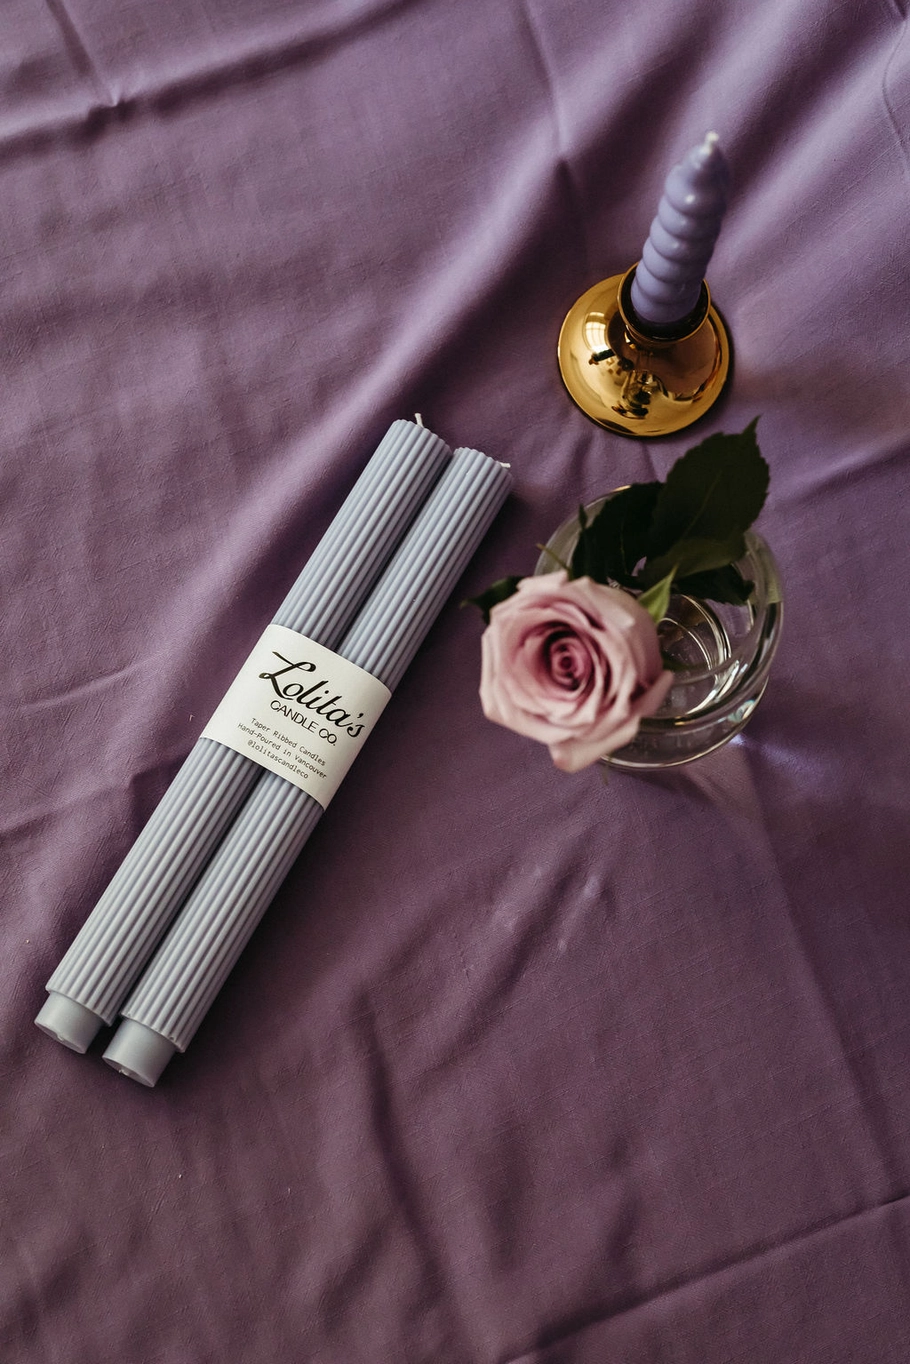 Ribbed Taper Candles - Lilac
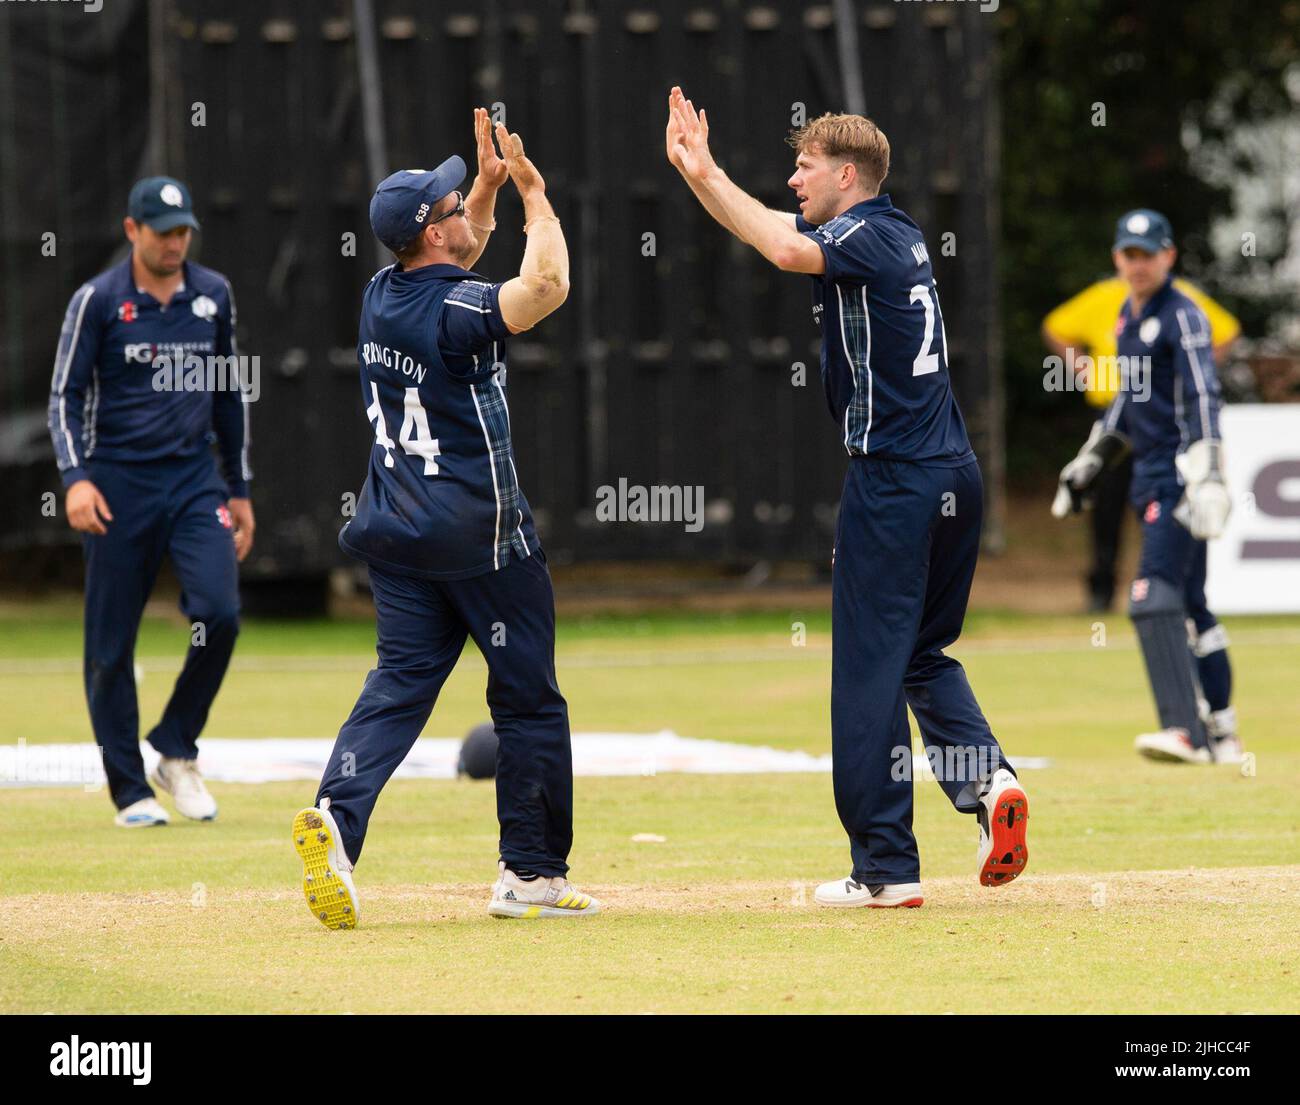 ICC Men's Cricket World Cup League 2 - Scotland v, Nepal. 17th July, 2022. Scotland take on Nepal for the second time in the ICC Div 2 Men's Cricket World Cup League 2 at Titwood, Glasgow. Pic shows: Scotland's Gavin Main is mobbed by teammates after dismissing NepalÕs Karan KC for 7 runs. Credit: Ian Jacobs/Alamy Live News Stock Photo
- - - - -
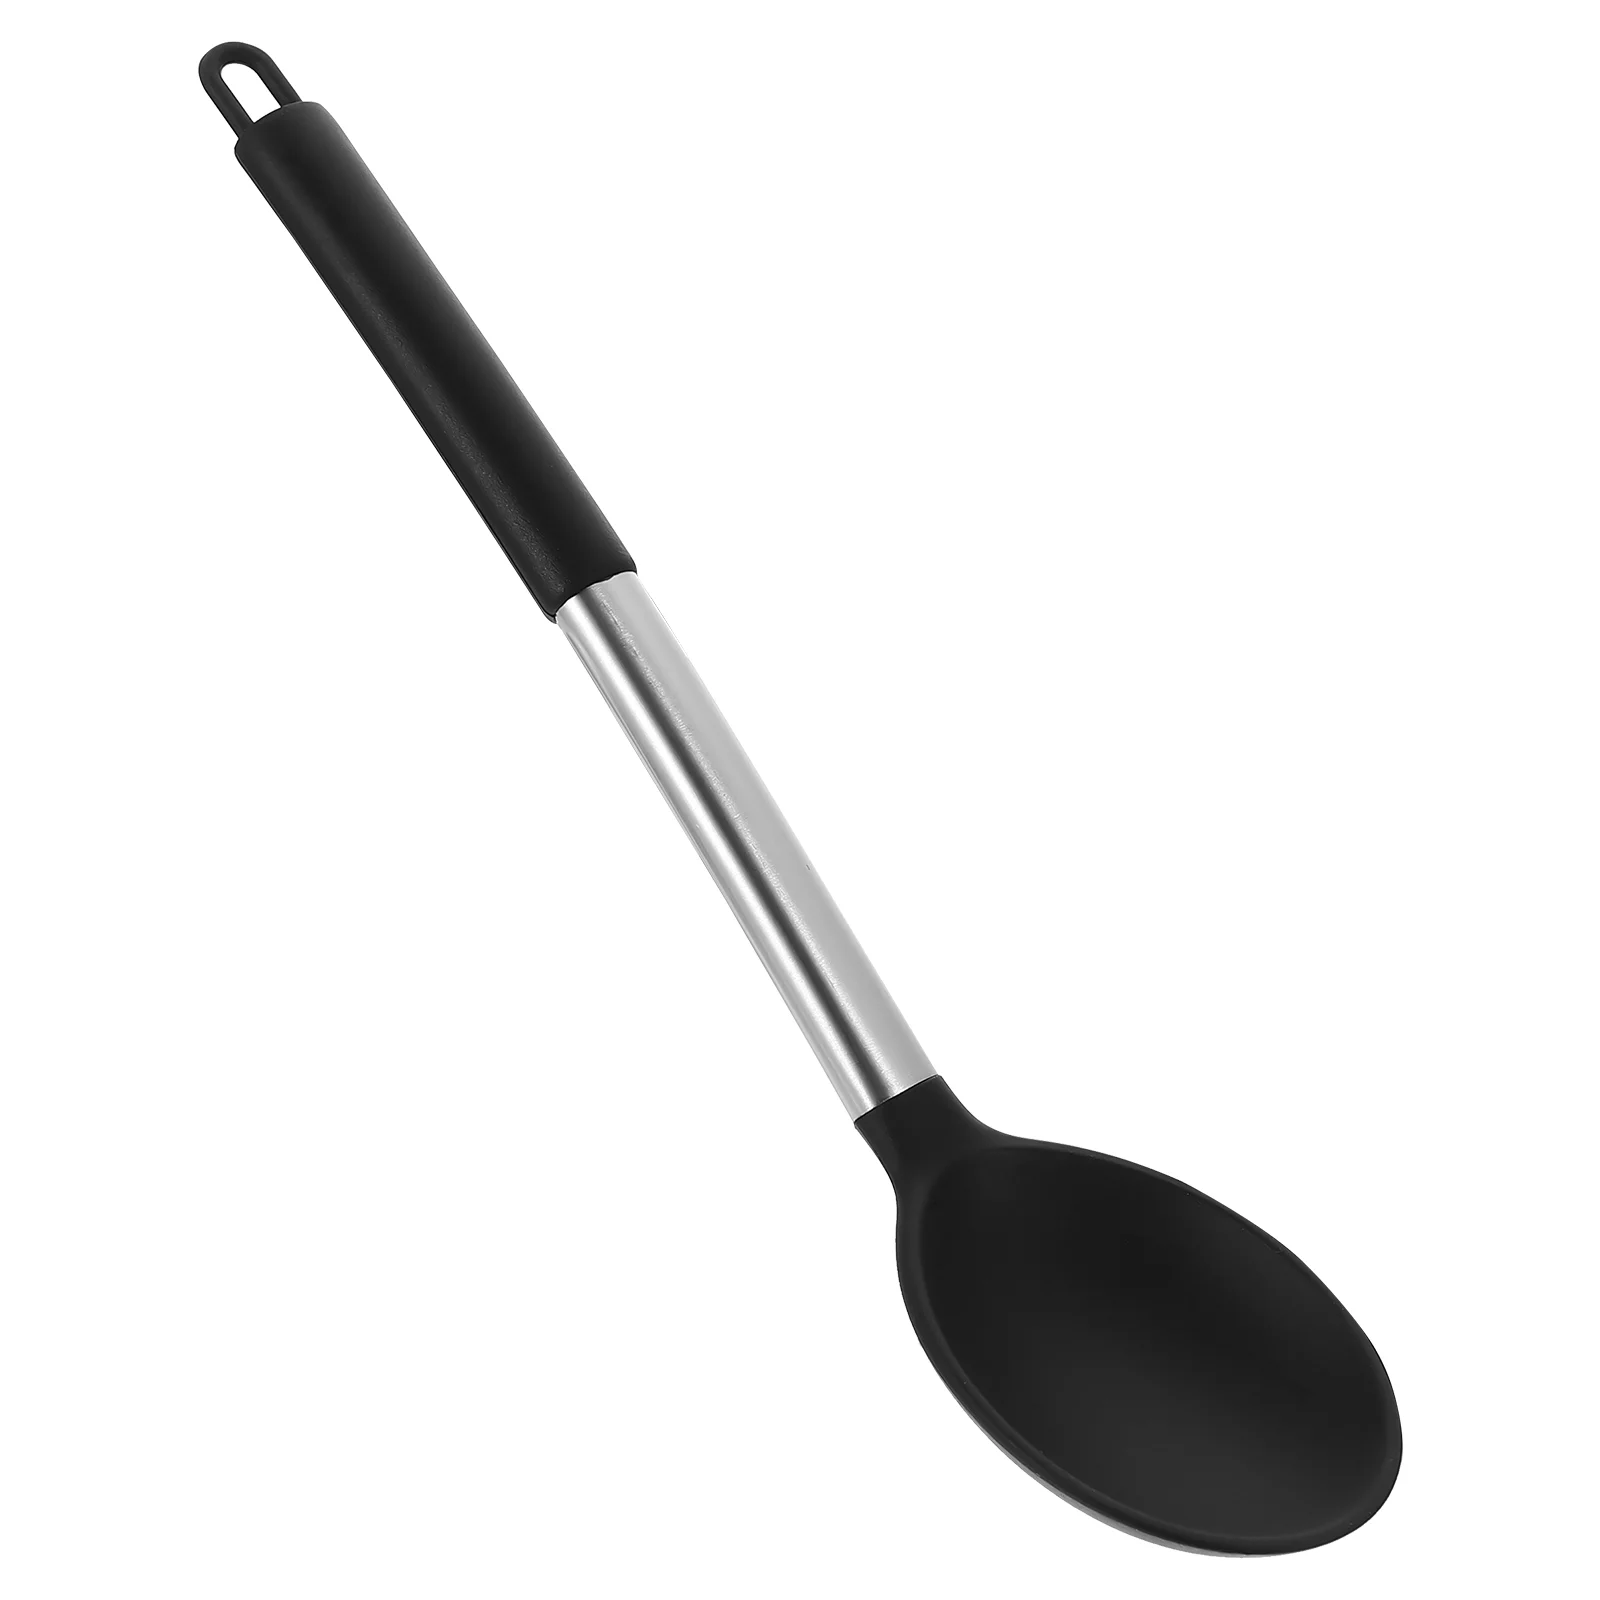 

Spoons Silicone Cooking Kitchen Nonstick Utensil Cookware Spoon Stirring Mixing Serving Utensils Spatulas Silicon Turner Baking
- - - - -
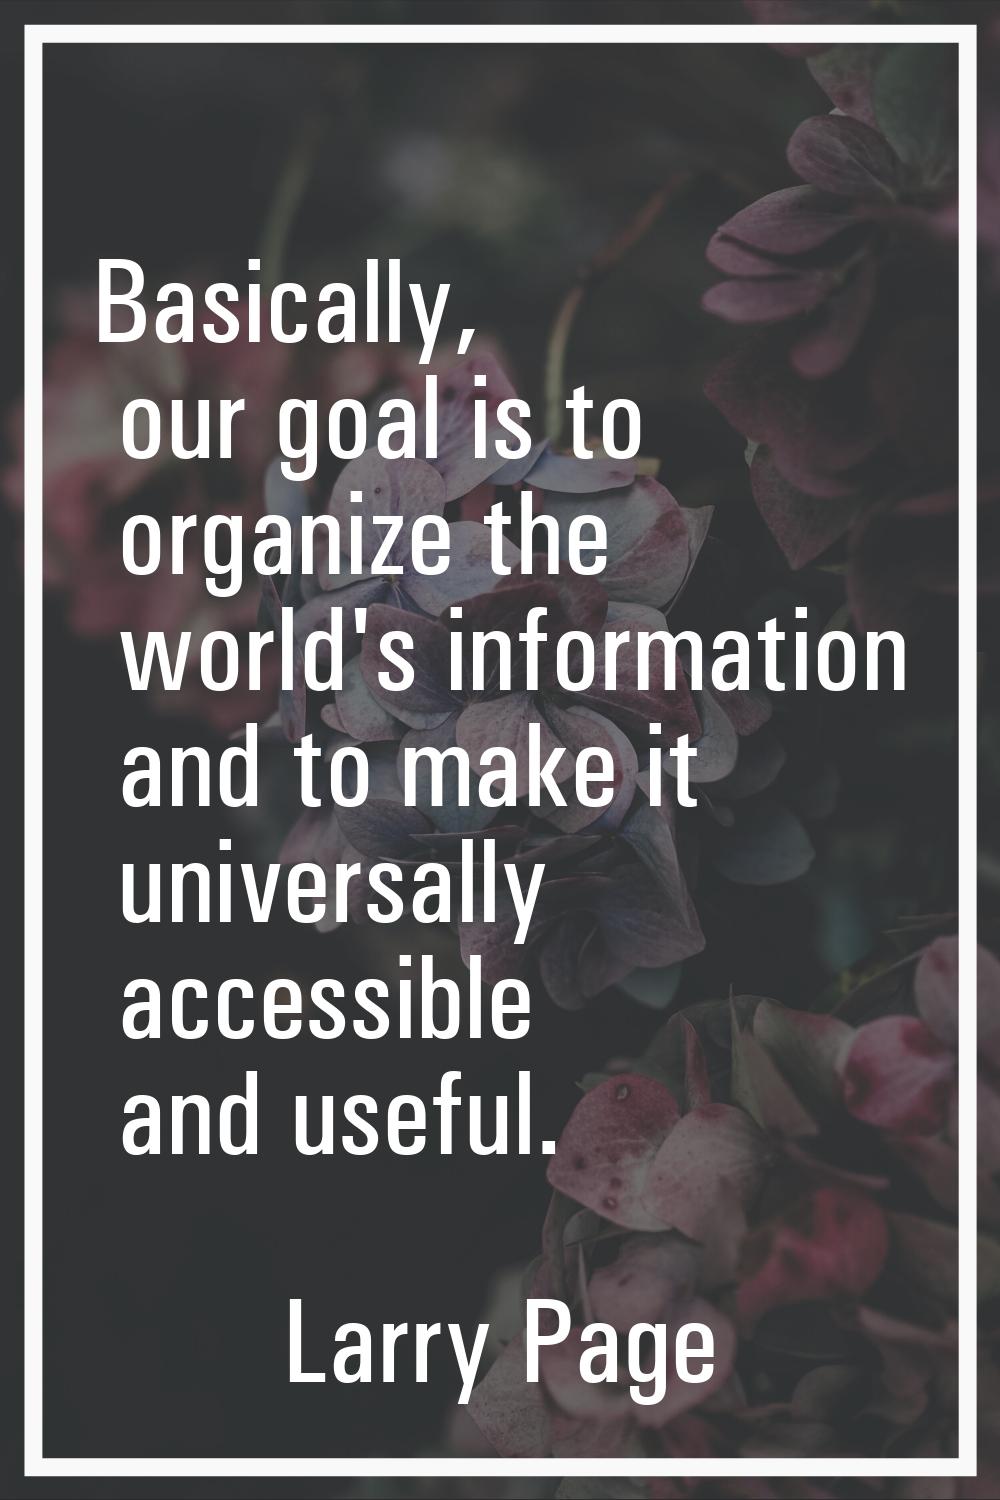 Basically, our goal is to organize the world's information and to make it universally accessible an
- - - - -
_Instructions to follow_.
Range to copy from the listing above: the line with "Ribbed Taper Candles - Lilac" through the line with "ICC Men's Cricket". Transcribe it exactly and skip the pictures.

_Written reply_.
 Ribbed Taper Candles - Lilac
 ICC Men's Cricket World Cup League 2 - Scotland v, Nepal. 17th July, 2022. Scotland take on Nepal for the second time in the ICC Div 2 Men's Cricket World Cup League 2 at Titwood, Glasgow. Pic shows: Scotland's Gavin Main is mobbed by teammates after dismissing NepalÕs Karan KC for 7 runs. Credit: Ian Jacobs/Alamy Live News Stock Photo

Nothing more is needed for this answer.